## Your goal
Please repeat, exactly as written, the line containing "latifa sjukhus läge i Dubai karta" and every line after it through the end of the records below, leaving out any pictures.

## Records from a collection
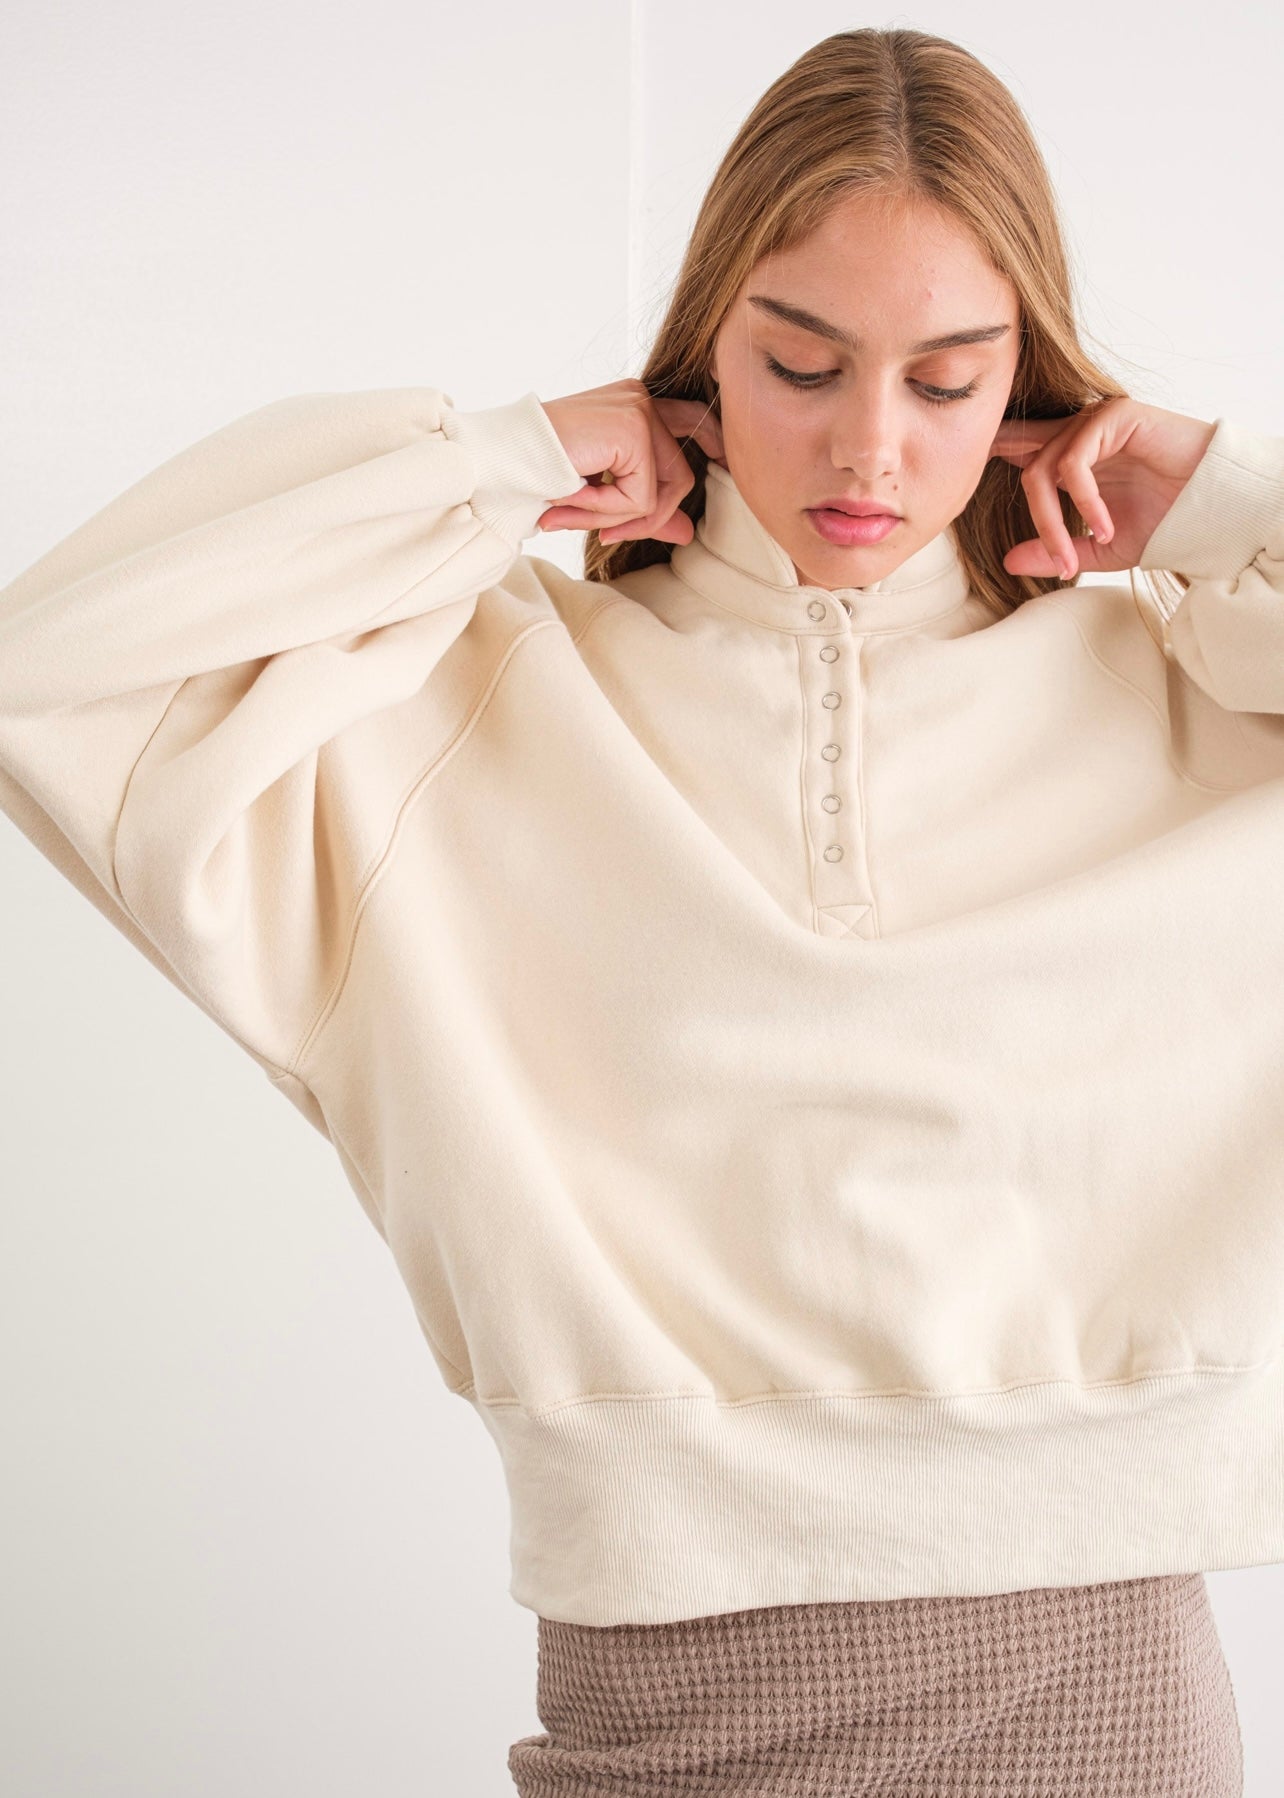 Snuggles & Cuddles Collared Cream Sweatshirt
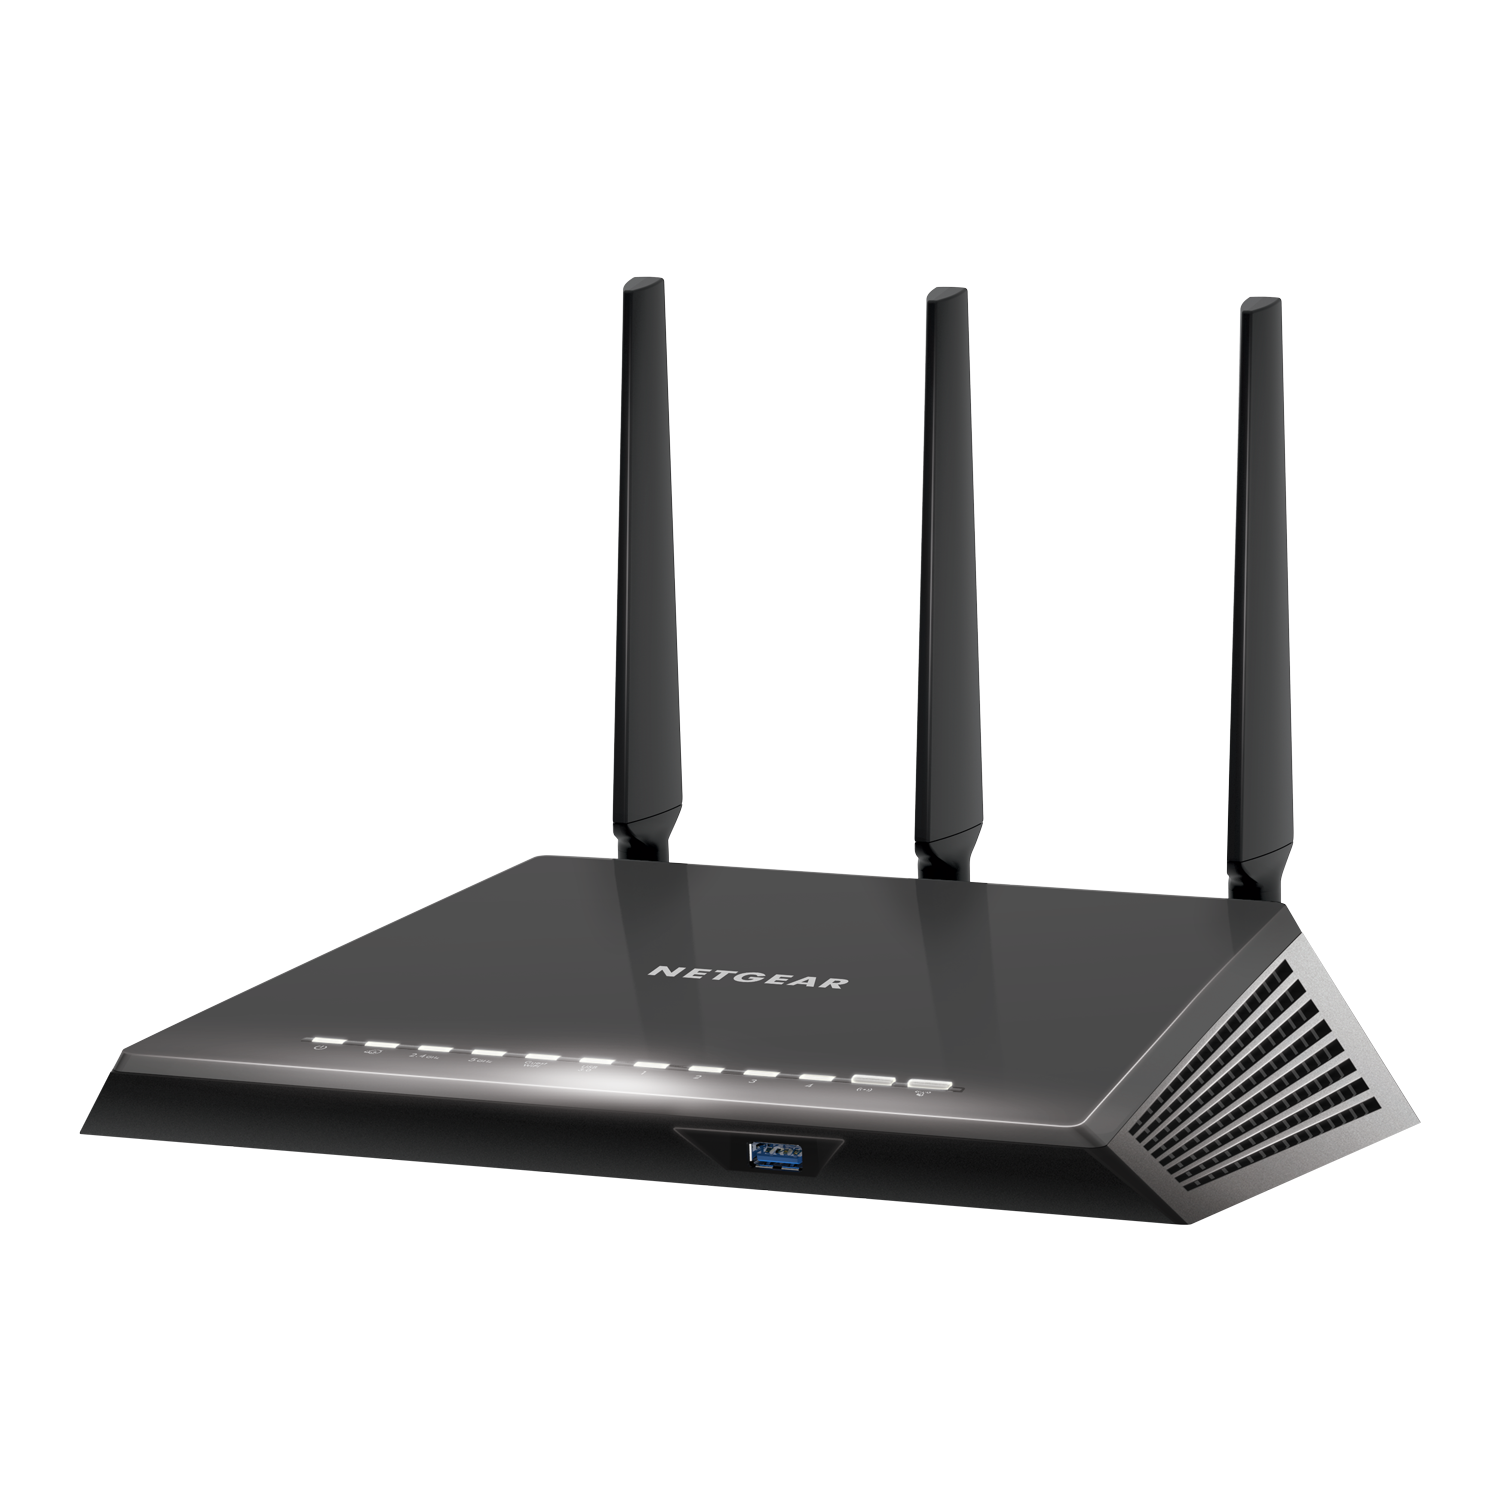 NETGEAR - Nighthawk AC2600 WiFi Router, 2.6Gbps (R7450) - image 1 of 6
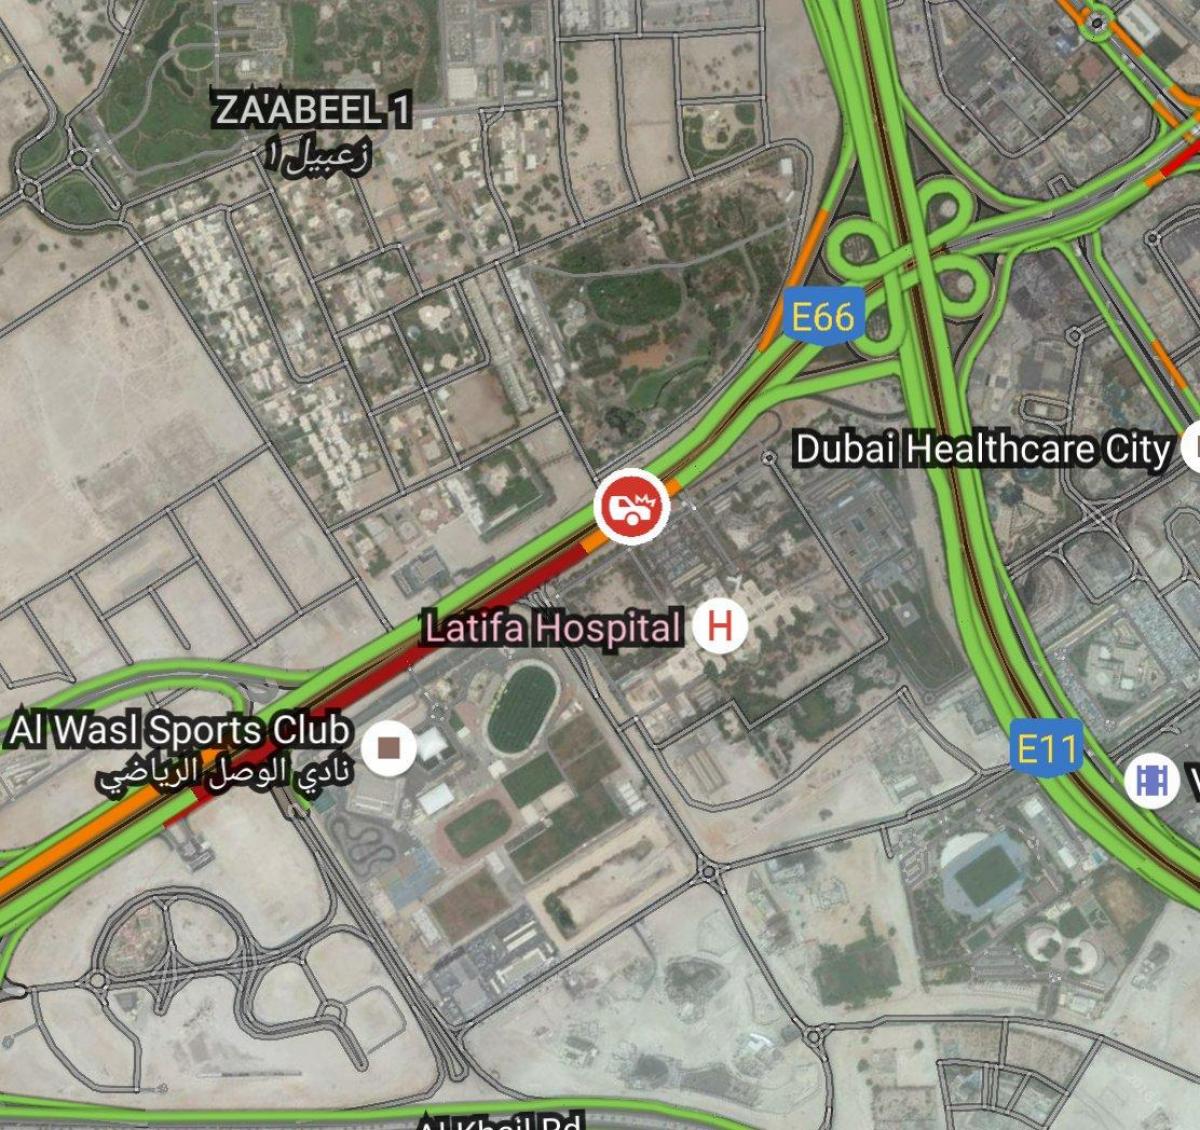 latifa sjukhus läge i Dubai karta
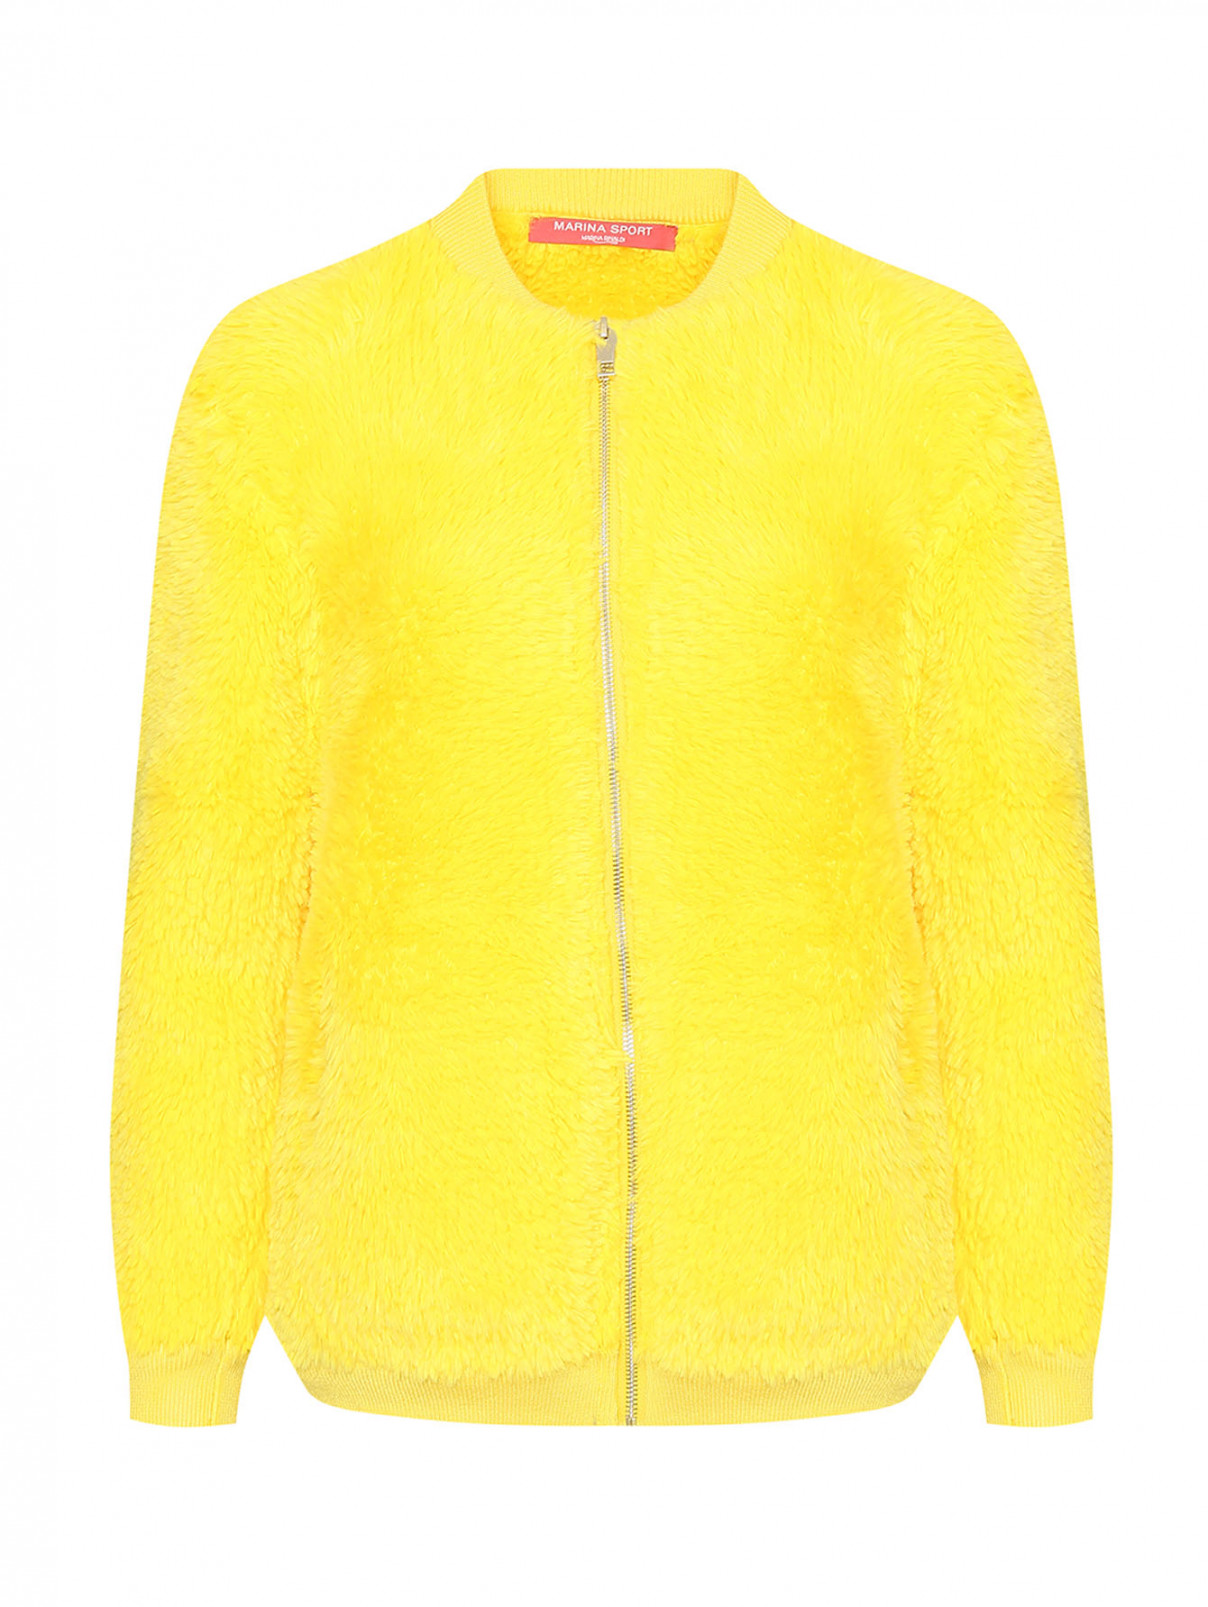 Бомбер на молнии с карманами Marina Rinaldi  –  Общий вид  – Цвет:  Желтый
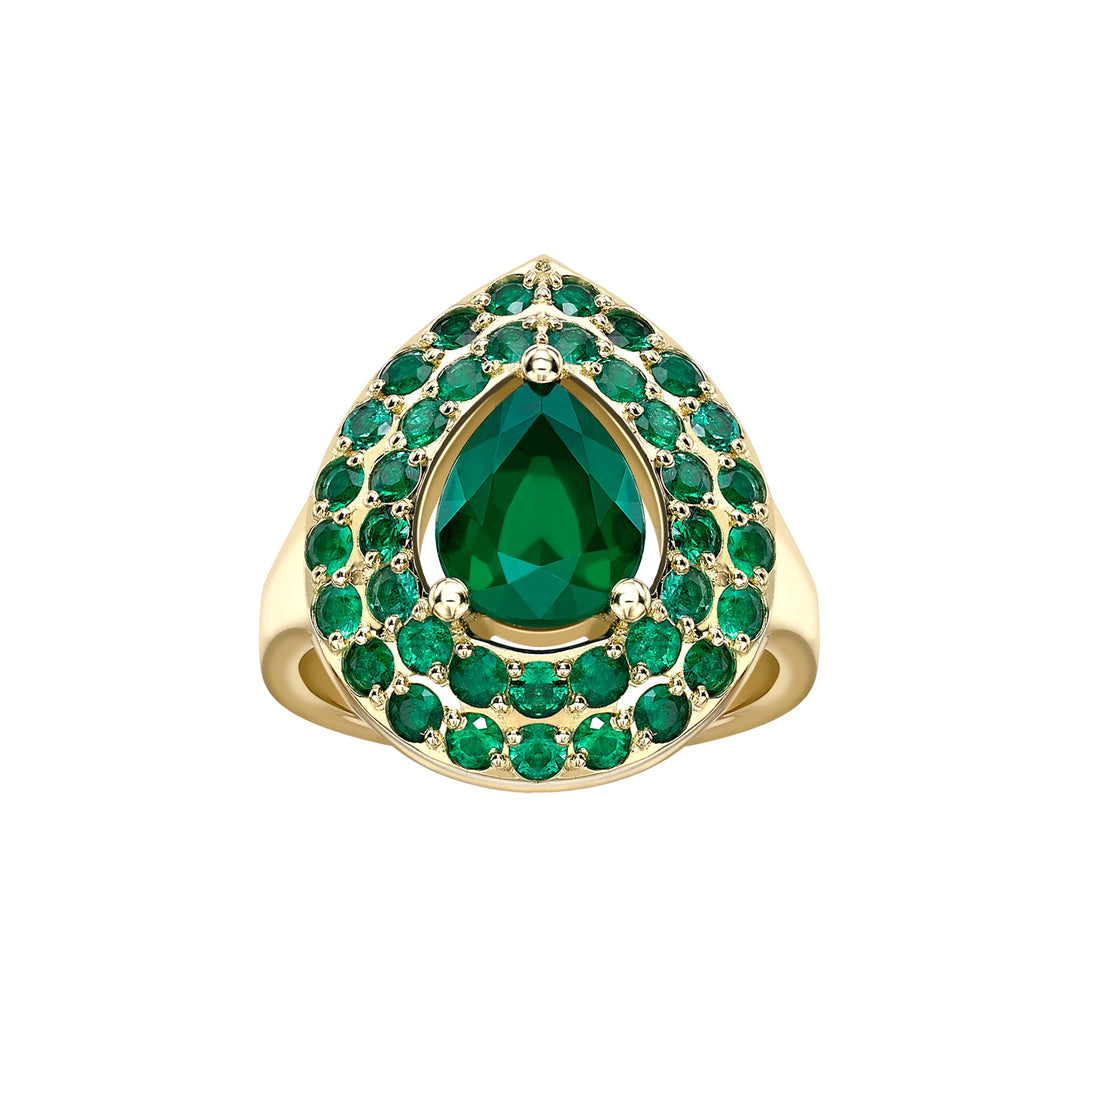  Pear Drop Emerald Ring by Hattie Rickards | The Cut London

## Solution for this exercise
 latifa sjukhus läge i Dubai karta
 Бомбер на молнии с карманами Marina Rinaldi  –  Общий вид  – Цвет:  Желтый
  Pear Drop Emerald Ring by Hattie Rickards | The Cut London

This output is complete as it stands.